§ **Exercise directions**
What are the lines, word for word, from the line with "Inspiriert von den" up to and including the line with "Der Teppich greift" in the records below? Omit the pictures.

§ **Supplied entries**
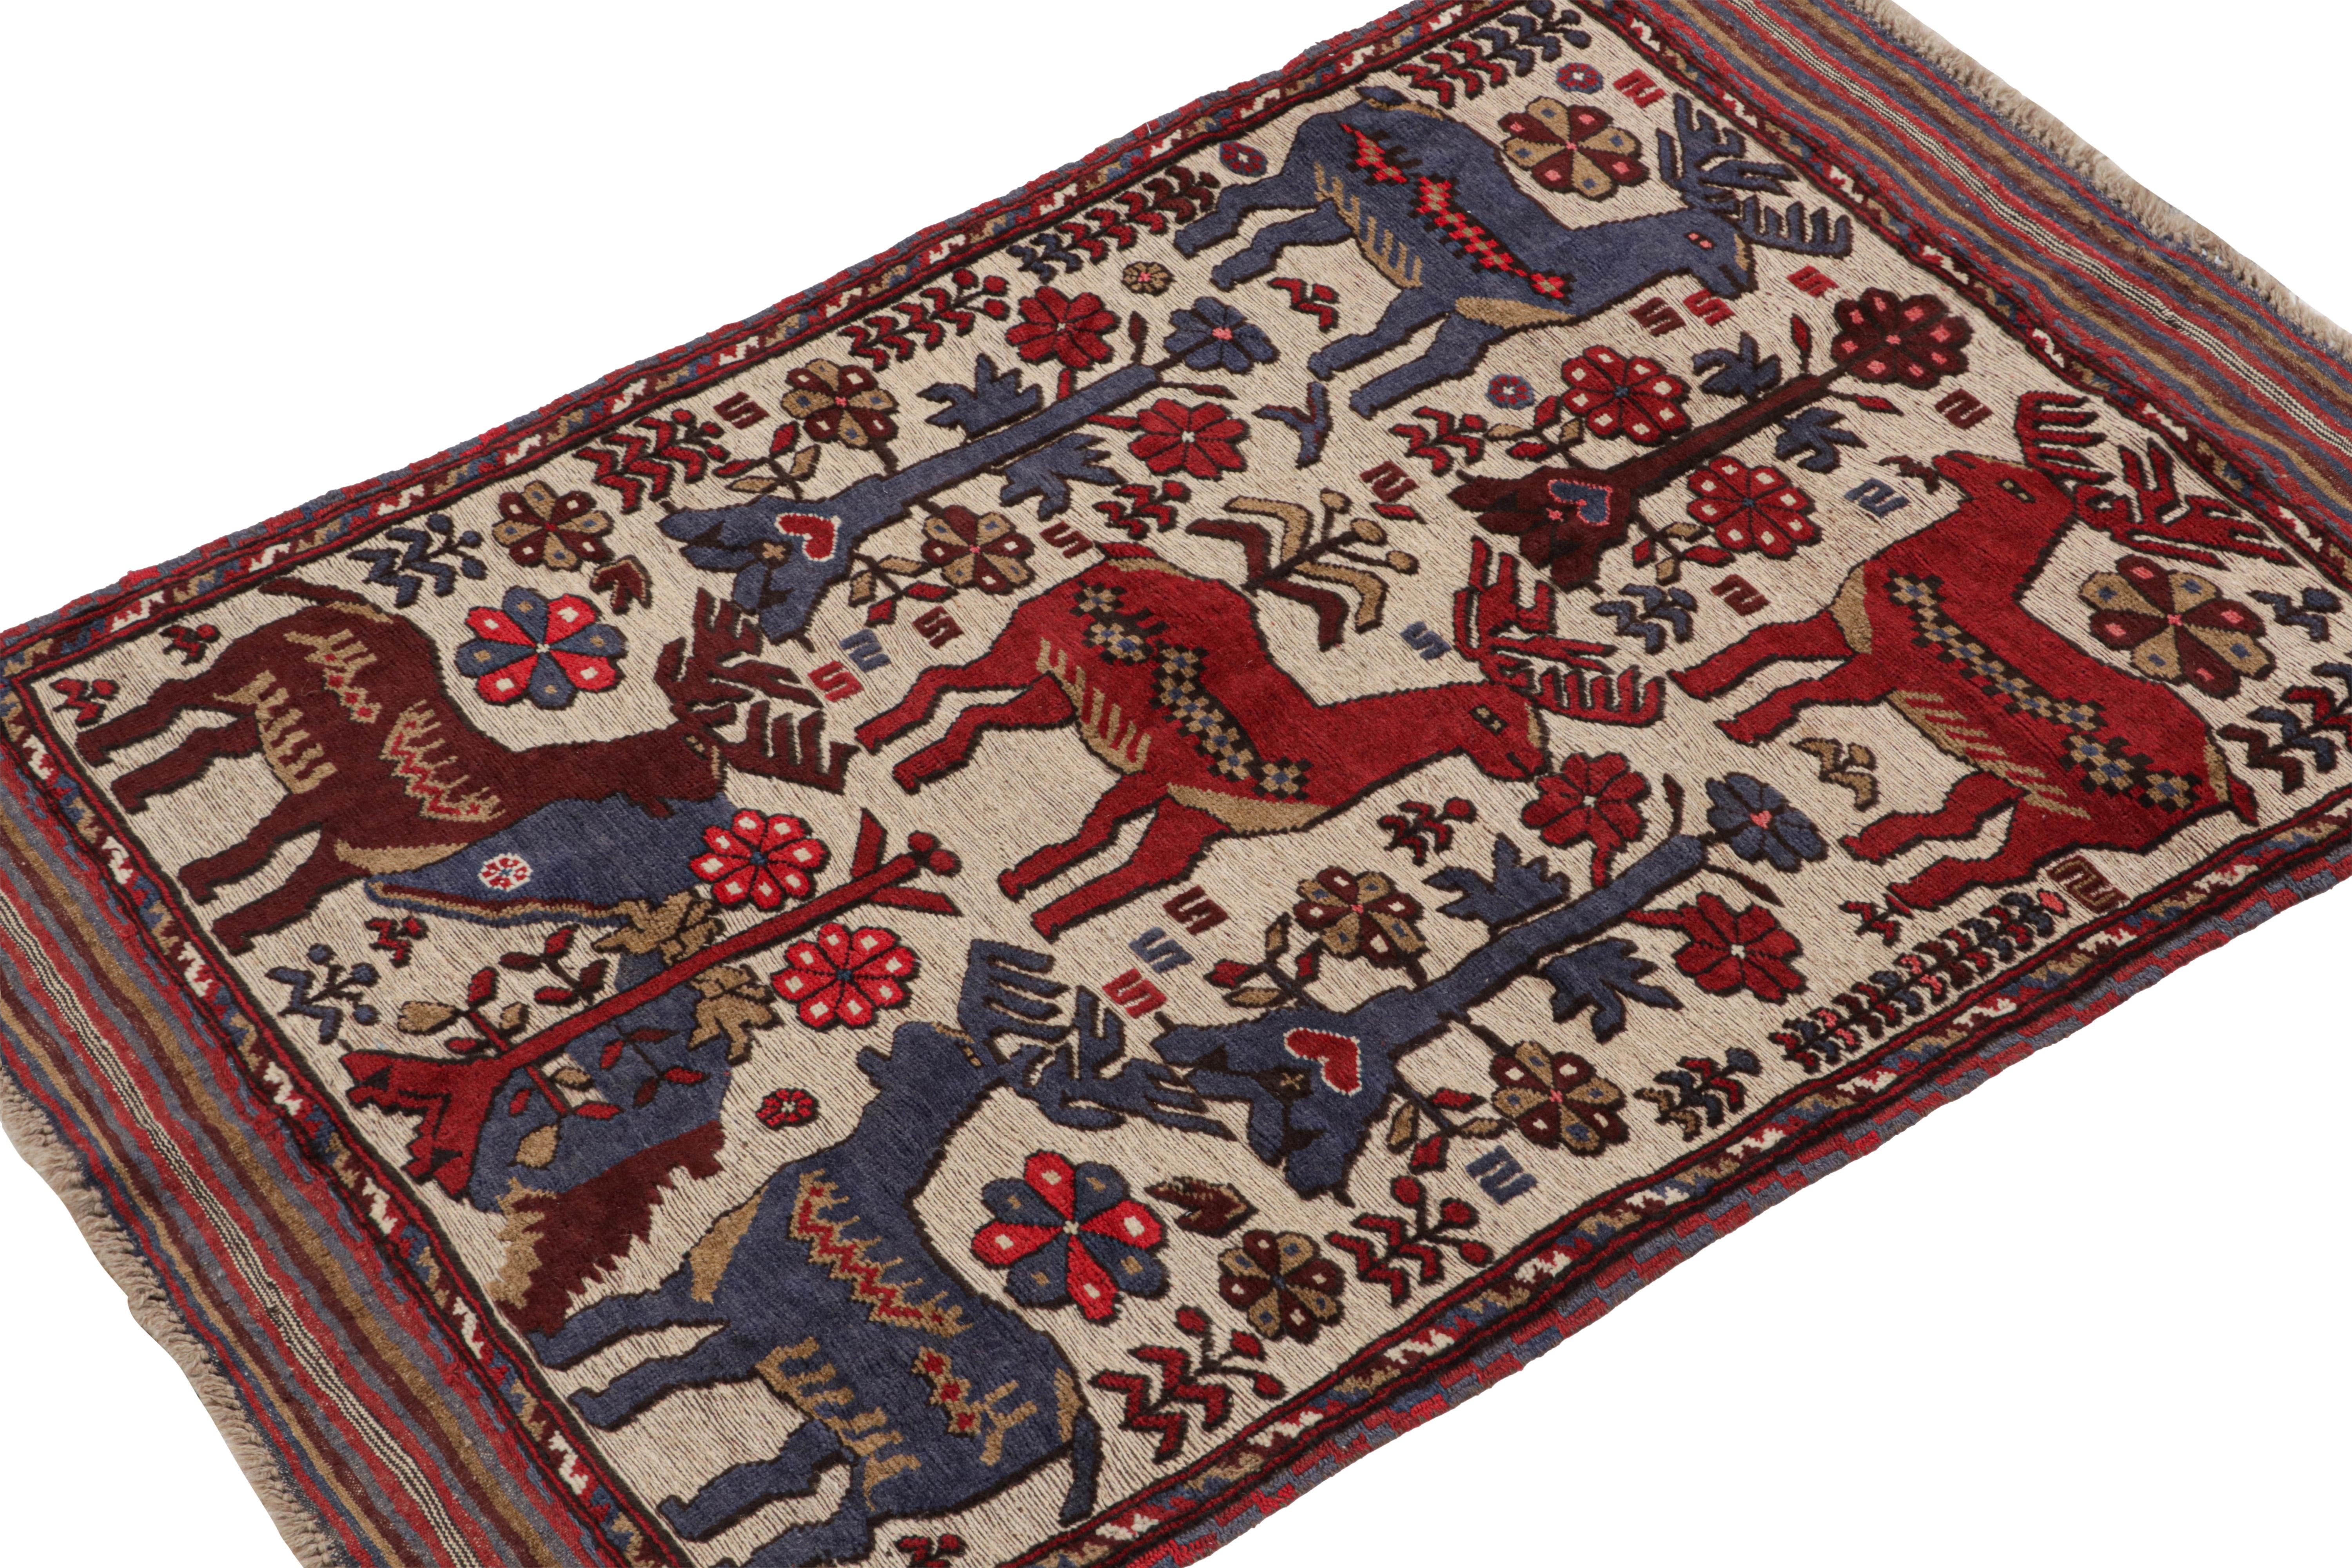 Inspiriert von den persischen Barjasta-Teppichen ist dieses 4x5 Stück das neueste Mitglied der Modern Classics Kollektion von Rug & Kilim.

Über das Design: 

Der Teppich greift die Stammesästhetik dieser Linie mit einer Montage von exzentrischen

--

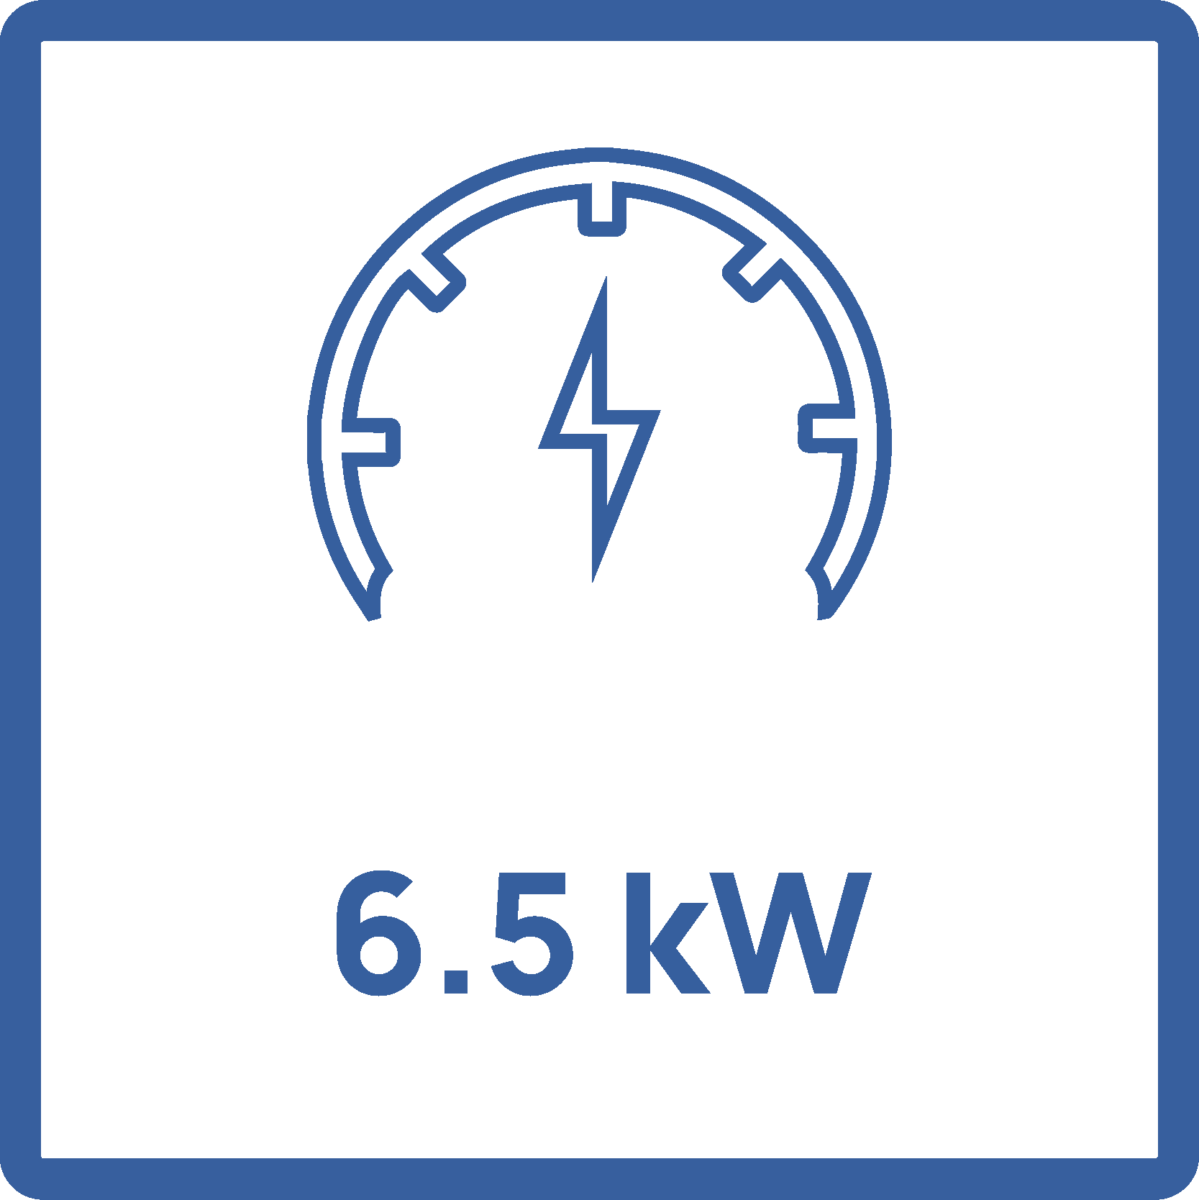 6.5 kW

§ **Written solution**
 Inspiriert von den persischen Barjasta-Teppichen ist dieses 4x5 Stück das neueste Mitglied der Modern Classics Kollektion von Rug & Kilim.

Über das Design: 

Der Teppich greift die Stammesästhetik dieser Linie mit einer Montage von exzentrischen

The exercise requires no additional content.